Italien und die Krise
Die Stimmung in Italien sei so schlecht wie nie zuvor. Mit dieser Botschaft empfingen mich meine Freunde, als ich mich, erschöpft von der Reise und erhitzt von zwei Kilometern Fußweg mit Gepäck vom Bahnhof Trastevere, zu ihnen an den Wohnzimmertisch setzte. Das fing ja gut an.
Die Kluft zwischen Arm und Reich verschärfe sich zusehends. Früher hätten die Besitzenden noch etwas abgegeben, hätten Wohltaten an die unteren Schichten durchsickern lassen; heute nicht mehr. Junge Leute arbeiten manchmal für 350 Euro im Monat sechs Stunden täglich im Call-Center. Ein langjähriger Mitarbeiter in einem Ministerium trägt 1400 Euro heim. Die Comune di Roma hat hingegen mal schnell den Preis eines Fahrscheins für die öffentlichen Verkehrsmittel von 1 Euro auf 1,50 erhöht, was gerade die wenig Begüterten trifft. Bus fährt, wer kein Auto hat.
Dann gibt es die Geschichte der 90 Delegierten im sizilianischen Parlament, die im Monat 9000 Euro verdienen plus 4800 Euro Spesen. Ministerpräsident Montis Intervention brachte nichts. Vergangenen Donnerstag hat das nationale Parlament ihn sogar abgestraft und diverse Kürzungen abgelehnt. Es versucht auch, die Wahlen nächstes Jahr vom 6. April auf den 13. April zu verlegen, weil dann erst die Legislaturperiode abgeschlossen wäre und die Parlamentarier eine lebenslange Pension erhielten. Dass die italienischen Europa-Parlamentarier höchst fürstlich entlöhnt werden, weiß man ohnehin.
Die Proteste sind verhalten — vermutlich, weil kein Italiener die Hand für sich selber ins Feuer legen möchte.
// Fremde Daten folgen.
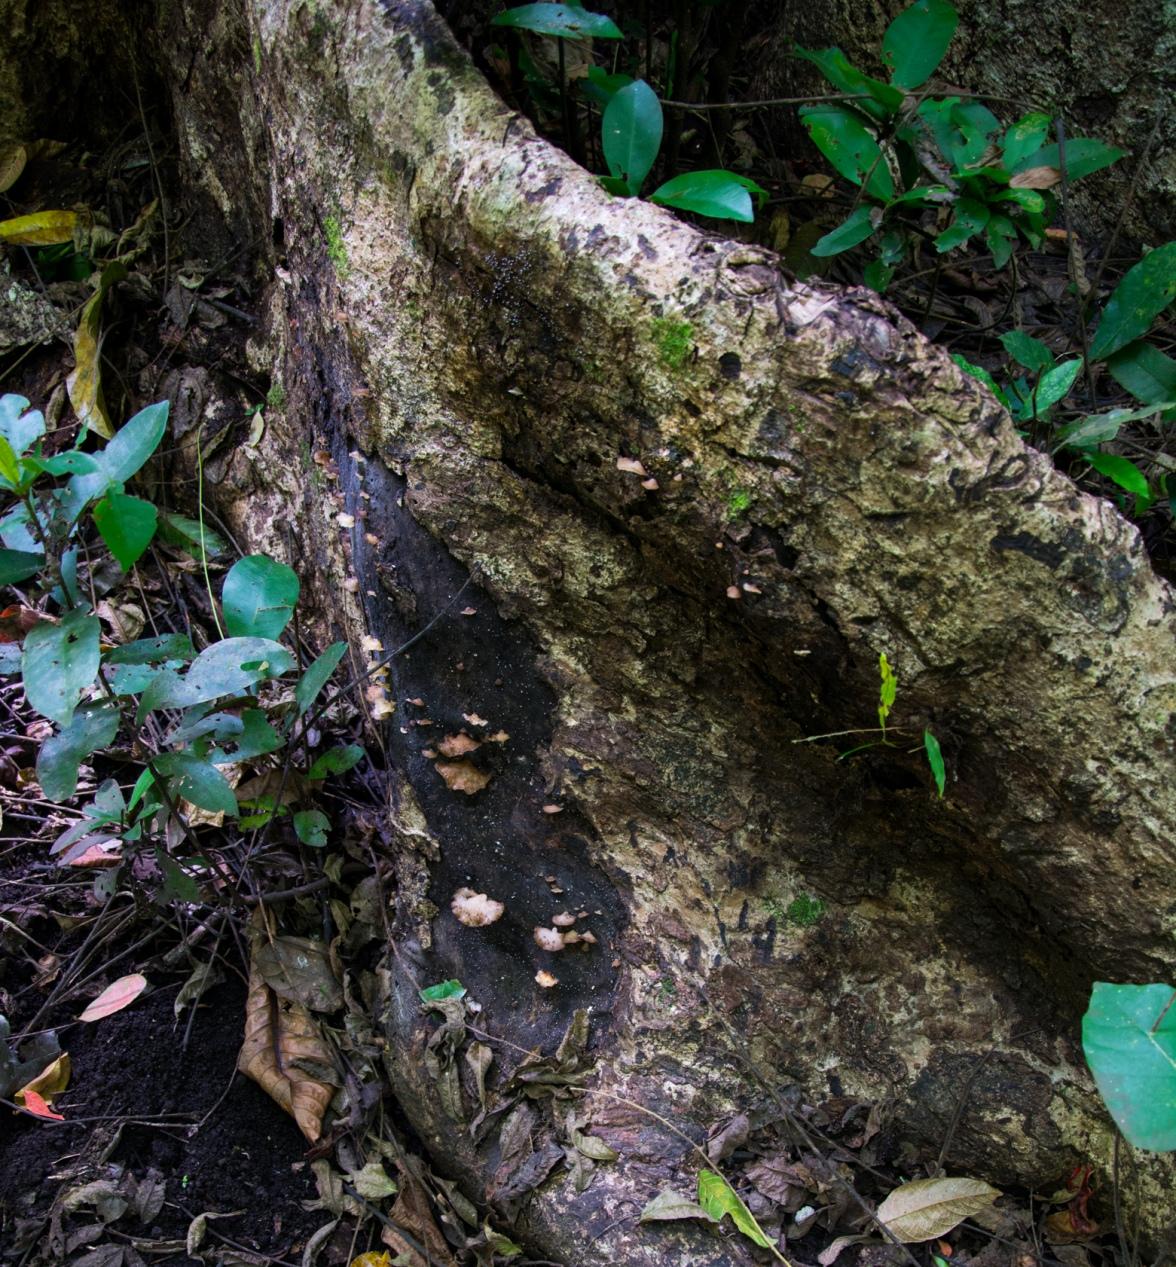 Mushrooms banyan tree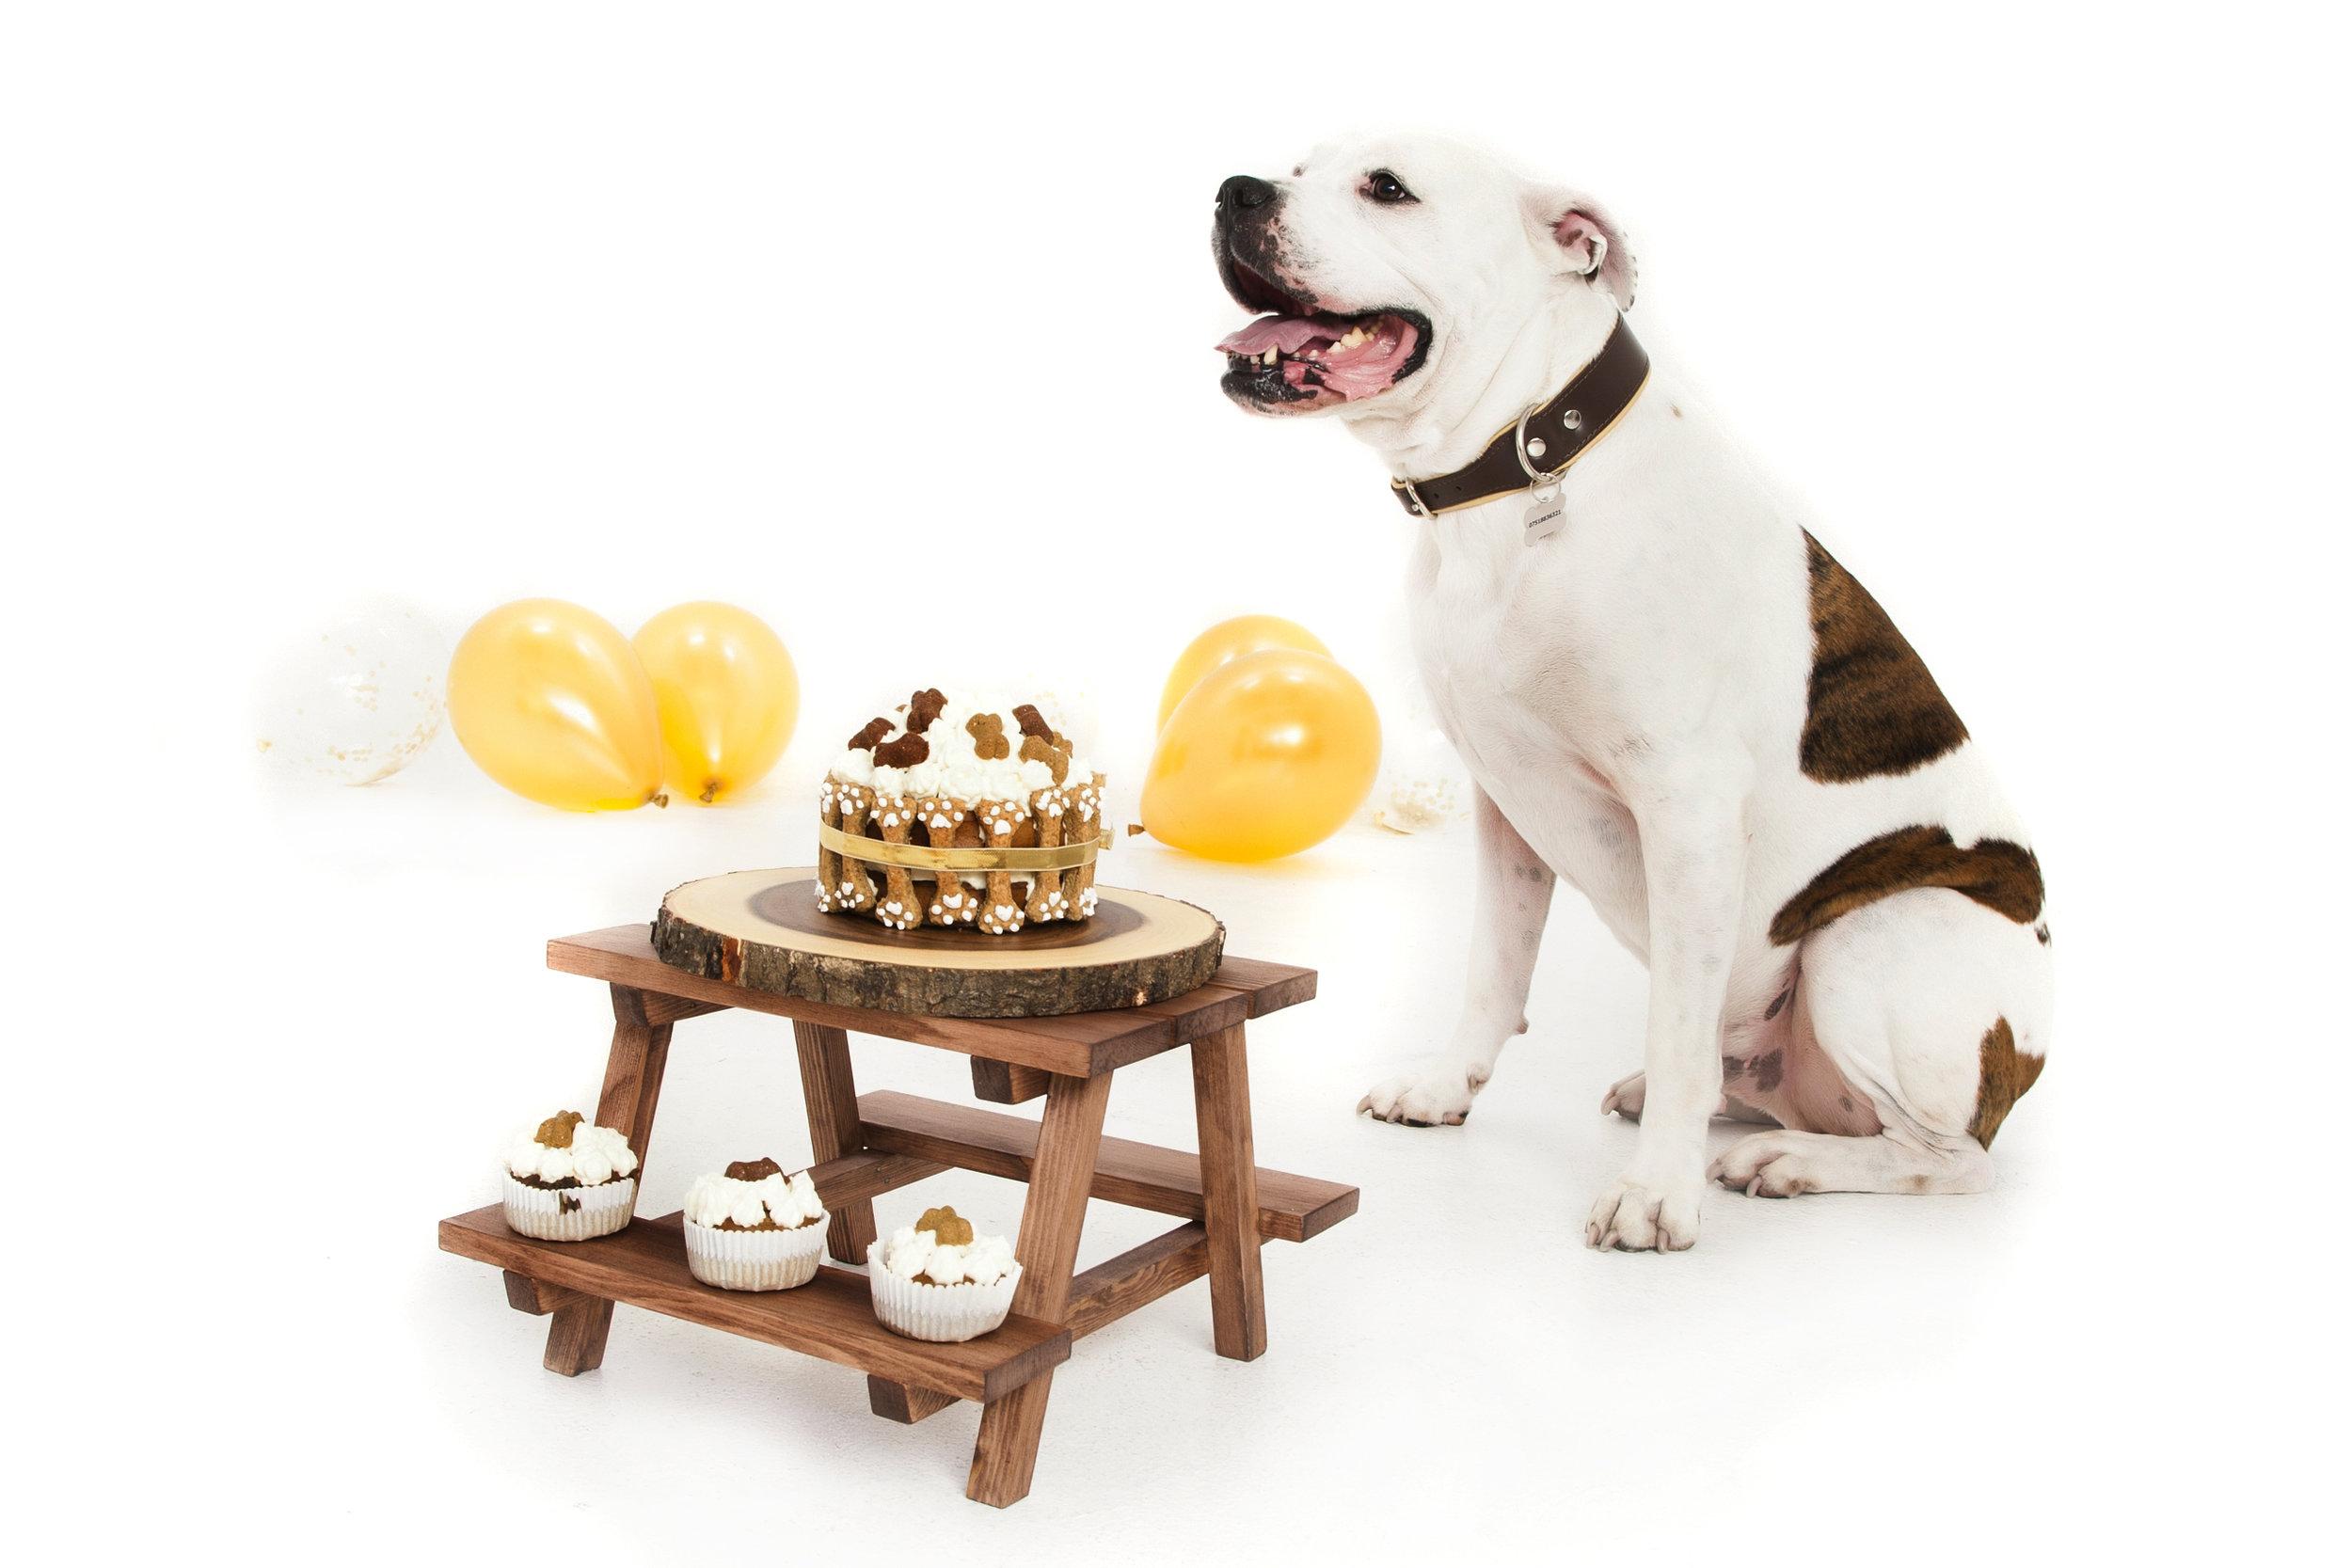 pet-portraits-dog-cake-smash-animal-photography-zigzag-zig-zag-photographers.JPG

Wer etwas erreicht hat, muss alles herausholen, so lautet die Regel. Viele würden gern auswandern, doch sie scheitern an der Sprachbarriere. Bei den englischen Sprachkenntnissen liegt Italien in der Europäischen Gemeinschaft auf dem letzten Platz, und wer spricht schon deutsch? Deutschland wird bewundert. Die tollen Autos! Ich werde gefragt, ob es gut sei, dass Frau Merkel so viel Macht habe und antworte, sie habe in ihrem Land auch nicht mehr Macht als Ministerpräsident Monti in seinem. Ihr Land hat die Macht.
In der Stadt Rom ist viel gebaut worden. Ins Testaccio hat man gegenüber vom alten Schlachthof — der mattatoio, nun ein Kulturzentrum — einen modernen Flachbau für die Universität gesetzt mit einem Türmchen aus grünem Glas. Da und dort steht nun ein Business Center. Aber auf die Verlängerung des Radwegs ans Meer nach Ostia, auf die wir Radler seit zehn Jahren hoffen, muss man noch warten, obwohl die Gelder angeblich genehmigt sind. Man spürt hier seine Ohnmacht vor dem »menefreghismo« — der Gleichgültigkeit den Belangen anderer gegenüber.
Es wird gejammert. Der Barmann in Romanos Kino-Schule schimpft lautstark über die Diebe (ladri), die keine Steuern zahlten, und dann fragt er mich: »Wann bist du aus Rom weggegangen?« 2004 sei das gewesen, erwidere ich. »Ach«, stöhnt er, »vor zweitausendvier konnte man noch gut in Rom leben!« Das klang nach Nanni Moretti, der in seinem Film Liebes Tagebuch ausruft: »In den sechziger Jahren muss Rom wunderschön gewesen sein!«
Ich glaube, kein anderes Volk als das italienische kennt einen Spruch wie »Stavamo meglio quando stavamo peggio«: Es ging uns besser, als es uns schlechter ging. (Da müsste es ihnen jetzt ja richtig gut gehen.) Dass dauernd von Griechenland und Spanien geredet werde und nicht von Italien, schreibt man einer geheimen Vereinbarung zwischen Monti und der Merkel zu, die Krise in Italien unter den Tisch zu kehren. Das fällt wiederum unter das Kapitel Verschwörungstheorien, bei denen die Italiener Meister sind.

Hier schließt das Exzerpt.